The New York Times reports on the proliferation of Neurometrix, a popular diagnostic test given by primary care physicians to detect carpal tunnel syndrome and other nerve damage. This is the perfect example of the perverse incentives created by the marriage of technological advances and our wildly illogical system for provider reimbursement. Rather than diagnosing problems by talking to patients, applying some medical knowledge, or referring them to a more qualified neurologist, doctors are instead plugging their patients into a high-priced machine, which spits out diagnosis that don’t always inspire confidence in experts. Why does this happen?
A worksheet prepared by one former Neurometrix salesman, labeled “CONFIDENTIAL OPPORTUNITY,” showed how a doctor could realize an annual profit of $46,588.80 by testing 10 patients a week.
“The doctor’s making margin, the company’s making money,” said the former salesman, who shared the document and spoke only on condition of anonymity.
For physicians, who might be able to bill only $80 or so for a routine 30-minute office visit, Neurometrix’s promise of a profit as high as $250 for 15 minutes, is compelling. So was a customer-referral program in which physicians could receive hundreds of dollars in free products for steering other doctors to Neurometrix.
Medicare and private insurers tend to offer better reimbursement rates for diagnostic procedures than for office visits.

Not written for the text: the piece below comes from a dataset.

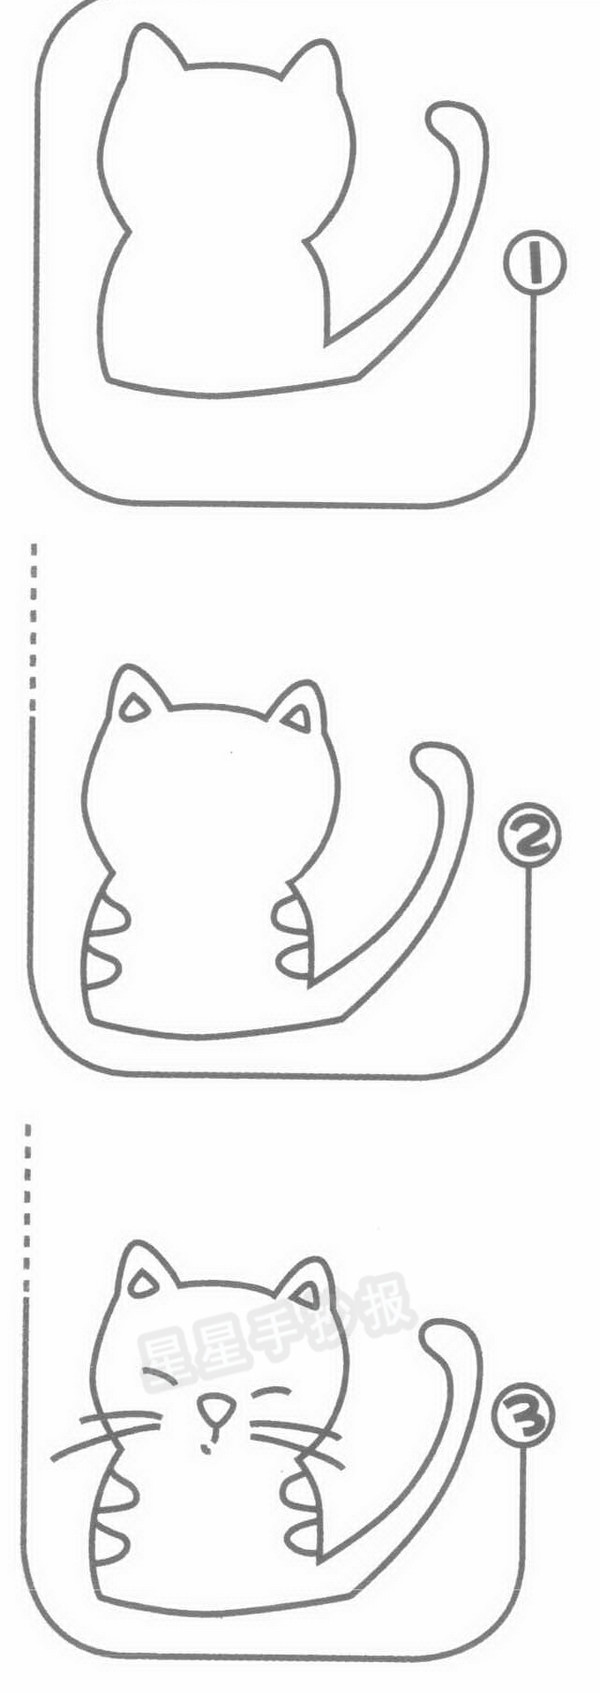 猫简笔画图片教程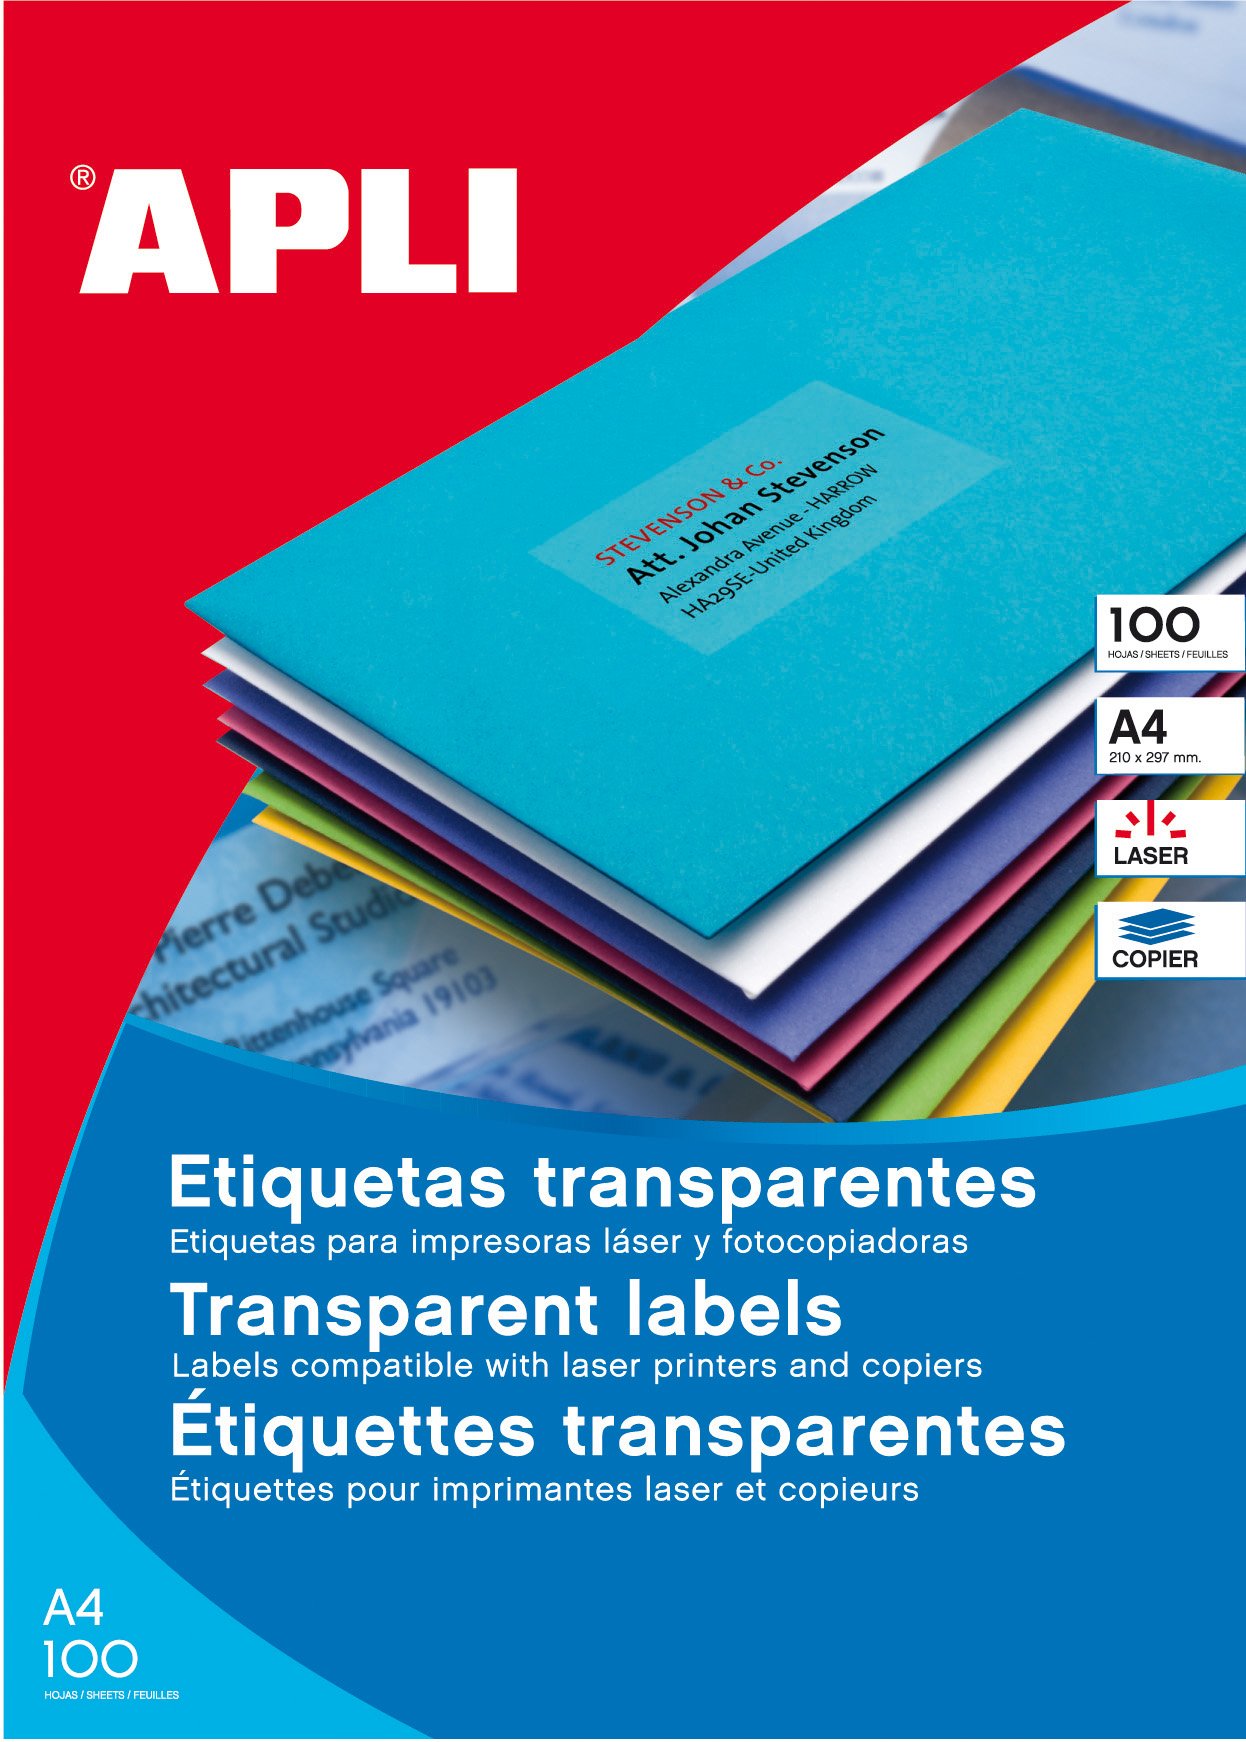 APLI univerzální etikety voděodolné, 210 x 297 mm, polyesterové, transparentní

This gives providers an incentive to order up a litany of expensive, high-tech tests that may or may not be necessary. There are no scientific guidelines as to when the tests are justifiable, so it’s a race to make as much money as possible. And patients, who are largely insensitive to costs (although this is becoming less true all the time), are loving it, even though the rising costs only contribute to higher premiums in the end. It’s a vicious cycle.
Further more, it turns out that Neurometrix’s marketing practices are under investigation by the federal government. The company aggressively markets to the device to general practitioners, promising higher profits with less work.
Still, some former employees and Neurometrix’s own sales materials portray a company willing to go to great lengths to sell its device.
In May, Neurometrix said the Department of Health and Human Services had issued a subpoena for documents from the company in connection with potential kickbacks and possible fraud against the federal government. The company offered no further details, and federal regulators declined to comment.
Several former employees and Neurometrix documents also describe a program to reward physicians who are already customers, if they find other doctors who will purchase the system. The company gave away boxes of the disposable biosensors that are used with the system — which Neurometrix typically sells to the doctor for around $200 a box.
“Allow us to thank you for your loyalty,” reads a document from this year. If a prospective customer agreed to meet with a sales representative, the referring doctor got one box of sensors — and a second if the prospect became a customer.
Giving doctors something of value for referrals is an industry practice that can potentially violate federal antikickback laws, said Bruce A. Levy, a lawyer in Newark who used to work for the United States attorney there.
Dr. Gozani said the giveaway program had been “extremely small,” involving a tiny fraction of the sensors the company sells. He said Neurometrix had recently stopped it, but declined to comment further.
And it doesn’t stop there.
The debate within the medical community has been muted in part by letters from Neurometrix threatening legal action against some doctors who criticized its technology.
One target was the Arizona Neurological Society, after its Web site posted a sharp critique, according to the society’s president, Dr. Terry D. Fife. The critique claimed that the Neurometrix system produced “results that may be misleading or even wrong” and suggested doctors “are likely to use it excessively for the sole purpose of generating income.”
Dr. Fife said he received a threatening letter in August from the company’s lawyers, saying questions about the test’s accuracy were “unsubstantiated innuendo.” If the Web site continued to post the commentary, the letter said, the society would risk “legal claims both for violations of the antitrust laws and for defamation and for miscellaneous other intentional torts.”
This is a pristine example of the corrupting influence of the medical-industrial complex on the American health care system. It’s painfully clear that stricter regulatory measures are in order to control this kind of abuse. Perhaps if the Democrats win on November 7th we can begin starving the beast, but I’m not getting my hopes up.